Славку и Гогу вывели на улицу. У мостика через сажалку немцы остановились, огляделись, потом показали, куда надо идти. Надо, оказывается, свернуть с дороги и идти вдоль берега вверх, в сторону черного леса, откуда текла эта черная незамерзающая речушка. Входила речушка в улицу через пустой промежуток между двумя дворами. В этот промежуток, по берегу сажалки, по пушистому, нетронутому снегу и повели немцы Славку и Гогу. Как только вошли в этот пустой промежуток, Слава догадался, куда их ведут. Он догадался, но как-то ничего не почувствовал, не хотелось ни чувствовать, ни понимать.

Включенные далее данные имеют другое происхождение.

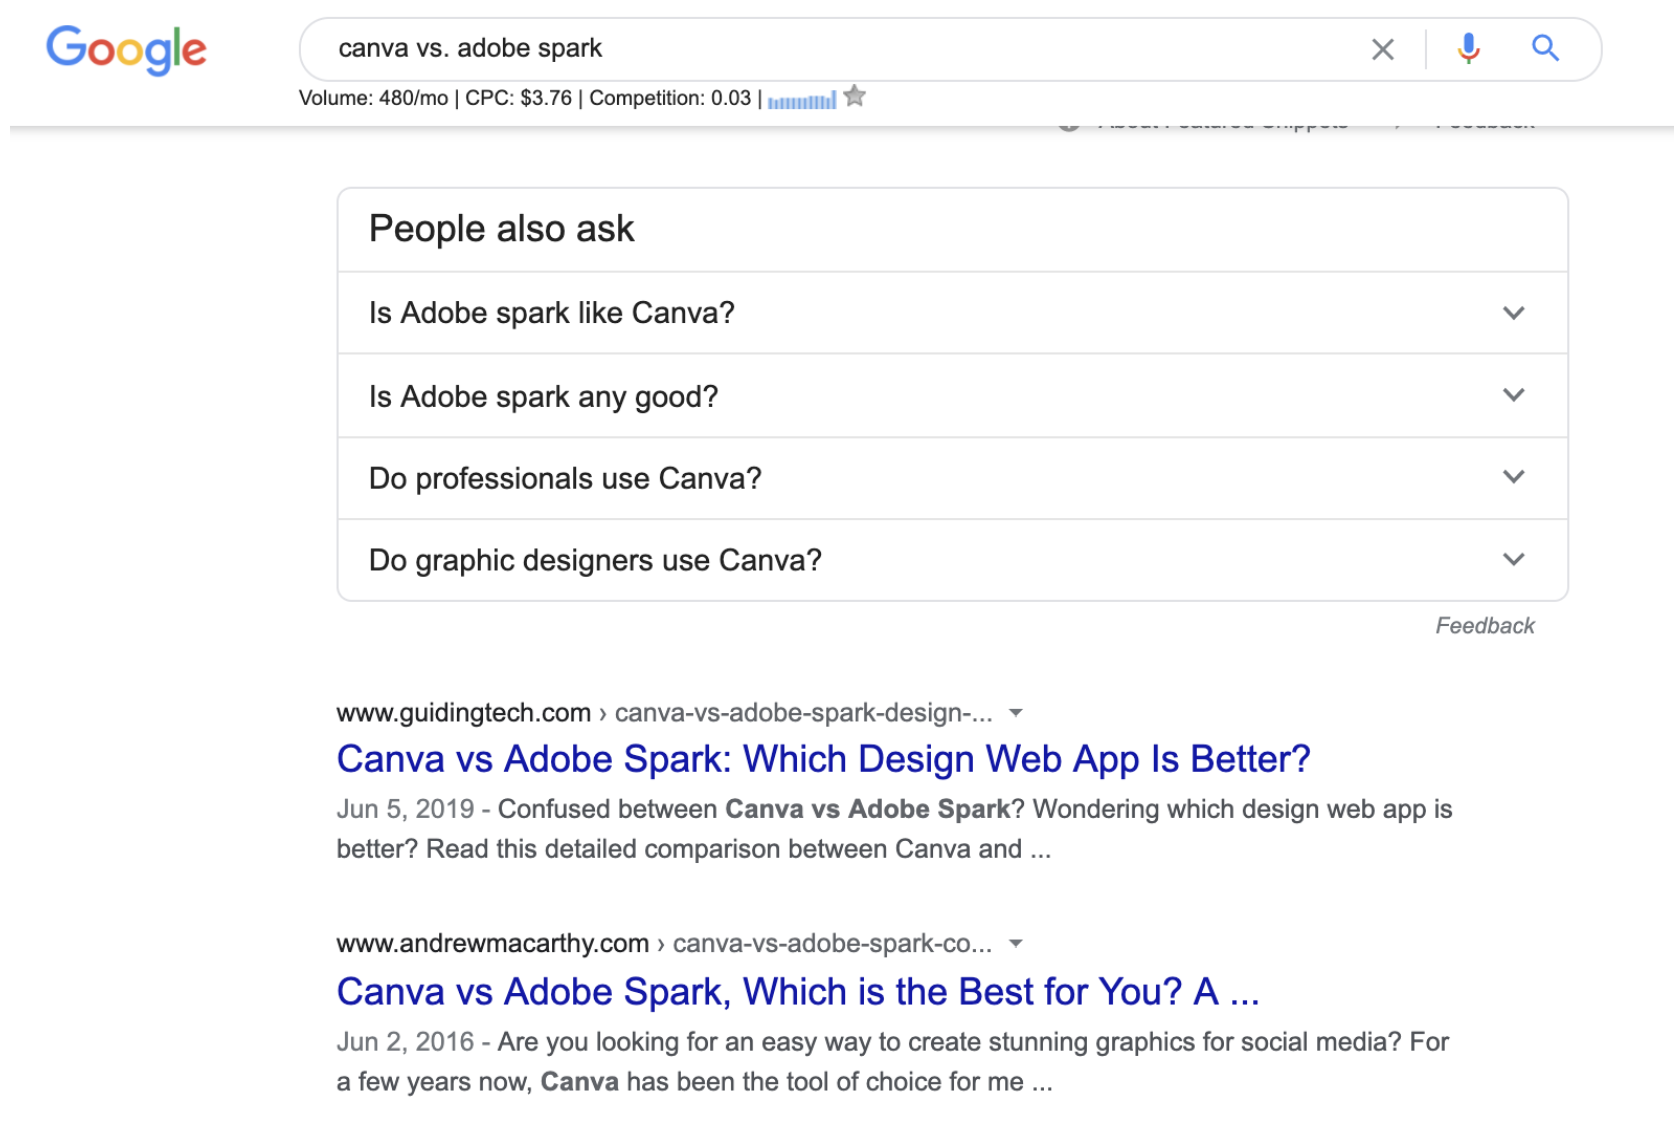 Canva vs Adobe Spark - Top4 Marketing

Далеко немцы не пошли, тут же, в пустом промежутке, велели остановиться. Прикладами объяснили, что надо стать на краешек берега, спиной к черной воде. Ребята послушно подались к самому берегу, где пушистый снег шапками, грибами, какими-то диковинными головами нависал над водой. Под этими шапками, грибами, головами стояли, видать, кустики какие-либо, кочки или камни. Были такие шапки и посередине речушки, вроде пасхальные куличи стояли на столбиках. И все это красиво отражалось в черной воде.
Славка и Гога послушно подошли к самому берегу и повернулись к нему спиной. Немцы стояли напротив, перед глазами. Сейчас они поднимут карабины. Вот они и на самом деле подняли карабины. Гога
сказал:
— Жаль, Слава, не напишу я твой портрет, не узнает тебя мир. Жаль, дорогой.— Он прикрыл шарфиком нос и даже не взглянул немцам в глаза, в черную пустоту их карабинов.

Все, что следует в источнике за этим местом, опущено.